Though family farming has many commonalities across the world, when scrutinized they face  heterogeneous and different conditions such as in crops grown, size of farms, government policies, access to new knowledge and technology etc  in each region,  country and community. This entails that the applications of ICTs will need to be adopted and adapted for local conditions and their effective use.
 
Several scenarios may happen, with current trends, policies and directions by governments and societies, for family farming in the future. These include emergence of rural poles of farms and farming linked to complex agri-food chains, continuum of rural-urban multifunctional systems of activities linked to local markets of diversified products, agro-industrial systems of activity linked to global markets of standardised products and marginalized family farms in abandoned rural areas.
 
 
 
 
Participants in the conference expressed the opinion that applications of ICTs could influence the emergence and the function of underlying systems that support the above scenarios. Vice-versa the emergence of these scenarios could influence the application and use of ICTs. For example, rural poles with complex agri-food chains for agricultural commodities used as industrial and manufacturing feedstock and food would benefit from ICTs automation, robotics, integrated farm management systems and traceability systems. Rural-urban systems could benefit significantly from information systems that enable educating producers and consumers on linkages between production and consumption in terms of resources used, wastage, ecosystem conservation and community participation. Similarly, large agro-industrial systems would greatly benefit from ICTs that can monitor and support decision making at various levels as also automate many human labour intensive farming functions.
 
Participants at the Conference after considering the various trends (and possible disruptions) in family farming and ICTs, their possible scenarios and the key driving forces, equitable participation in fair and just markets and the need for learning to learn and effectively use knowledge, skills and technology for continuously adapting and improving family farming to emerging challenges concluded that family farmers for improving their farming systems through ICTs needed:
 
  • Policies promoting and enabling aggregation of family farmers and farming systems such as through cooperatives, producer organizations, farmer organizations etc. ICTs can contribute to “virtual” aggregation of farms, synchronization of farm inputs, processes, outputs and logistics to participate in markets.

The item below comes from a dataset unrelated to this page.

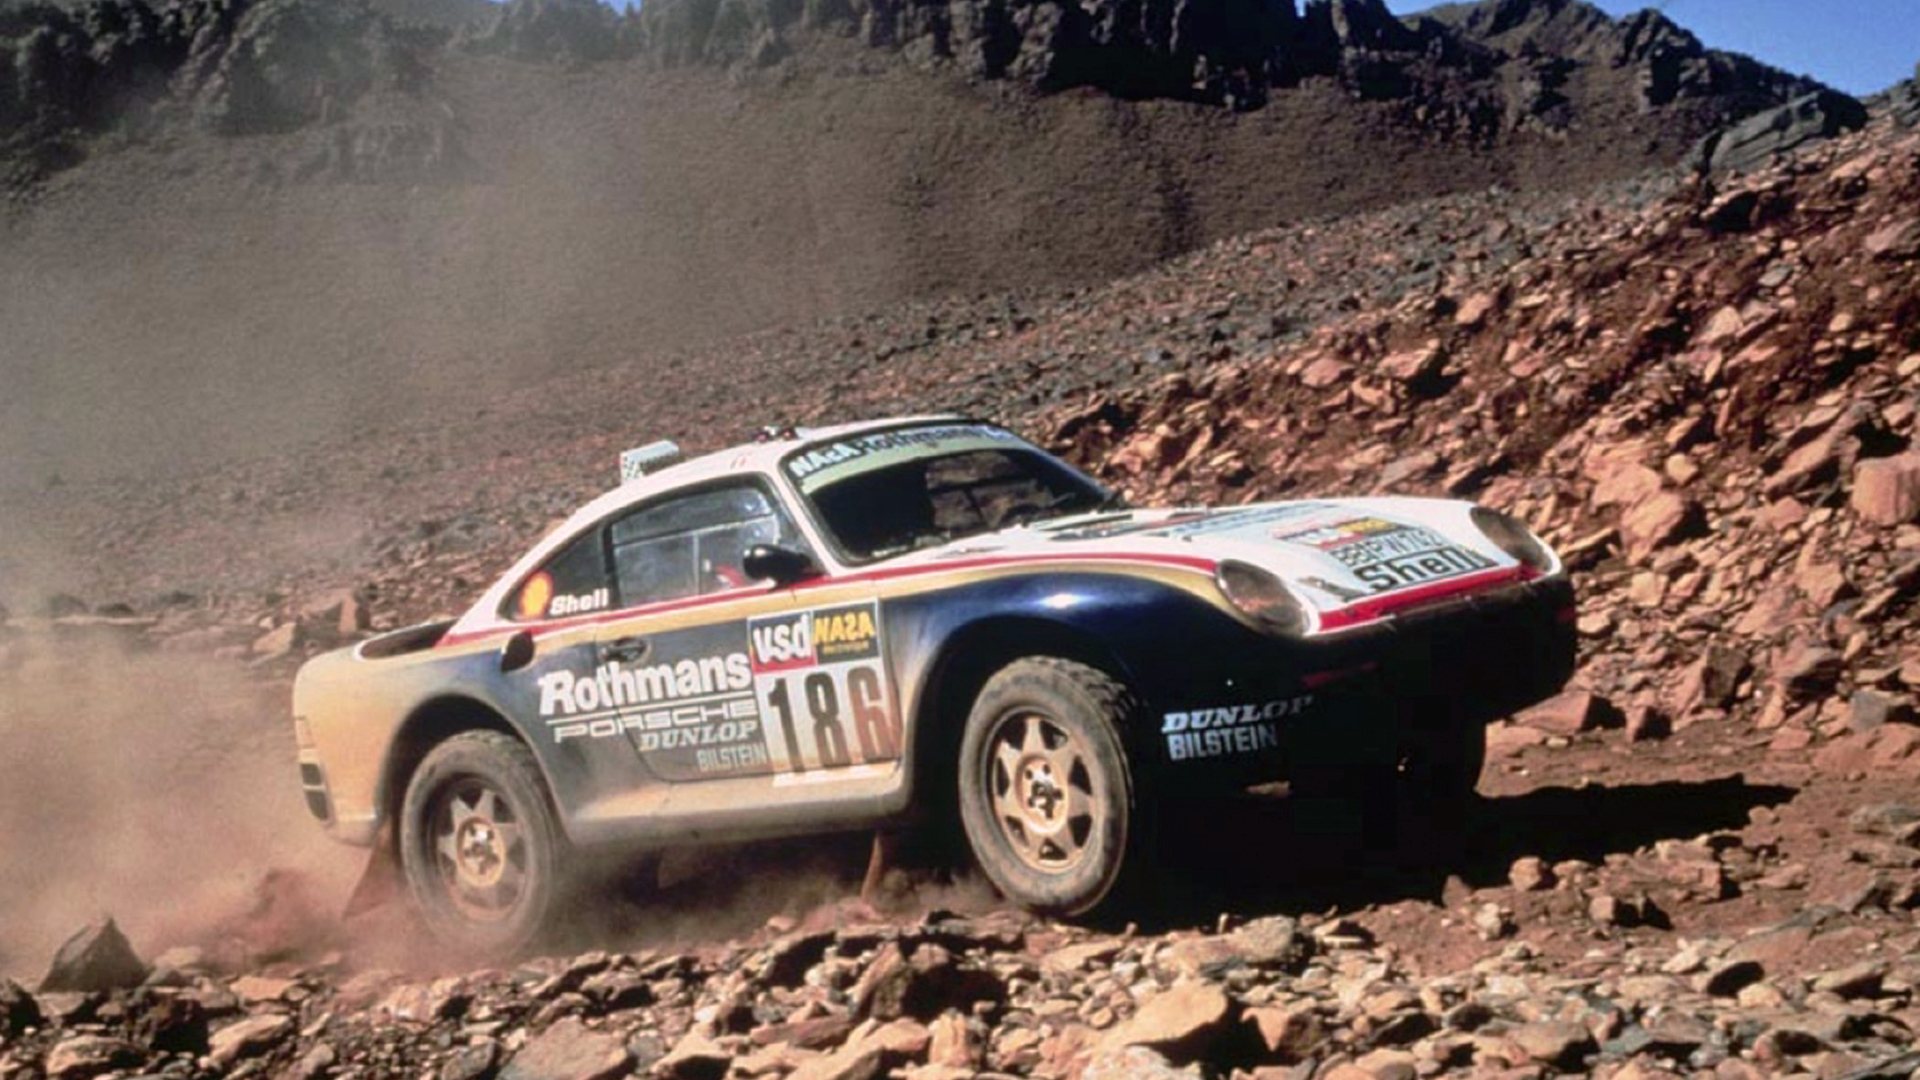 El Porsche 959 fue el primer prototipo desarrollado para el Dakar en 1985. Ganó la edición del 86 y le abrió la puerta a todas las fábricas de autos para tomar el Dakar como un desafío tecnológico

  • New forms of advisory and support services for knowledge, skills and technology and for participation in markets including for prices, forecasts and finance
  • Trust Centers with Data and Information Agreements, Treaties with regulatory and enforcement mechanisms to share data at various levels and among multiple categories of users from plot, farm, farming system, region, national to global agricultural and related systems.
  • Inclusive Governance  of flow of data, information, knowledge, skills and technology
  • Inclusive development of standards
  • Open Technologies – Open data, information, knowledge, learning
  • Increased democratization of science, learning and support to exponential innovation
  • Lower cost of Hardware, infrastructure and connectivity
 
The participants recommended that these needs have to be considered together and actions taken to be holistically addressed to yield benefits to family farmers. They cautioned that action on only one or two items, as it usually happens, may not have beneficial results.